Bibliographic record
Abstract
Well deliverability optimization is essential for oil and gas production and nodal analysis is a common tool used for selecting suitable production parameters. To accurately calculate upstream and downstream pressures at various production rates at a certain selected node, proper modeling of multiphase flow in wellbores is necessary. However, this process is complex due to the inconsistent velocities of the fluids (i.e., oil, gas, and water) and the interaction between the liquids under high temperature and pressure. Empirical models, such as Hagedorn and Brown (1965), Beggs and Brill (1973), and Mukherjee and Brill (1983 and 1985), and the drift-flux model (Zuber 1965) are commonly used for multiphase flow calculations in wellbores. In this paper, we programmed and evaluated three multiphase flow models (Hagedorn-Brown, Mukherjee-Brill, and drift-flux) using Matlab. The programming includes holdup calculation, pressure gradient calculation, pressure traverse calculation, inflow curve determination, inflow performance relationship (IPR) curve determination, and well deliverability determination. Additionally, we conducted a case study to examine the sensitivity of parameters and compare and analyze the results of pressure traverse, tubing intake curve, and deliverability determination between the drift-flux and Mukherjee-Brill models. Sensitivity analysis was conducted on two of the seven parameters in the drift-flux model, and the effects of production and reservoir parameters on well deliverability were analyzed.
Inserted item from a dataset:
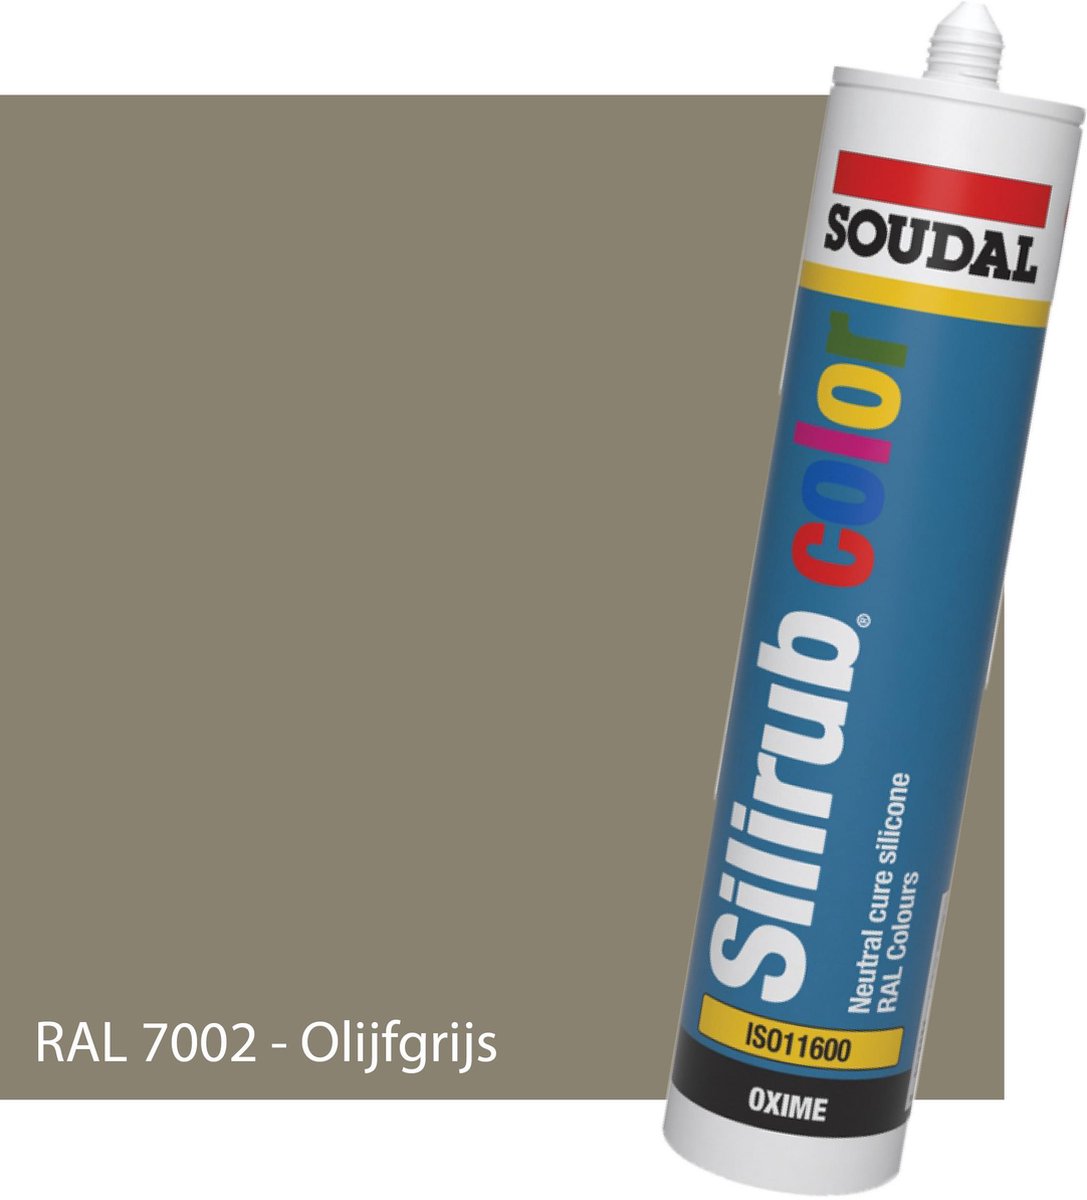 Siliconenkit Sanitair - Soudal - Keuken - Voor binnen & buiten - RAL 7002 Olijfgrijs - 300ml koker

The case study results indicated that the Mukherjee-Brill model predicted slightly higher bottomhole pressure compared to the drift-flux model at a fixed oil flow rate, but its well deliverability determination was lower. Furthermore, the drift-flux model showed that the pressure increased with an increase in the distribution coefficient for bubble flow (C0_bubble), while the beta parameter had little impact on the calculated pressure in the studied range. The well deliverability increased when the tubing size and reservoir pressure increased, or the tubing head pressure decreased.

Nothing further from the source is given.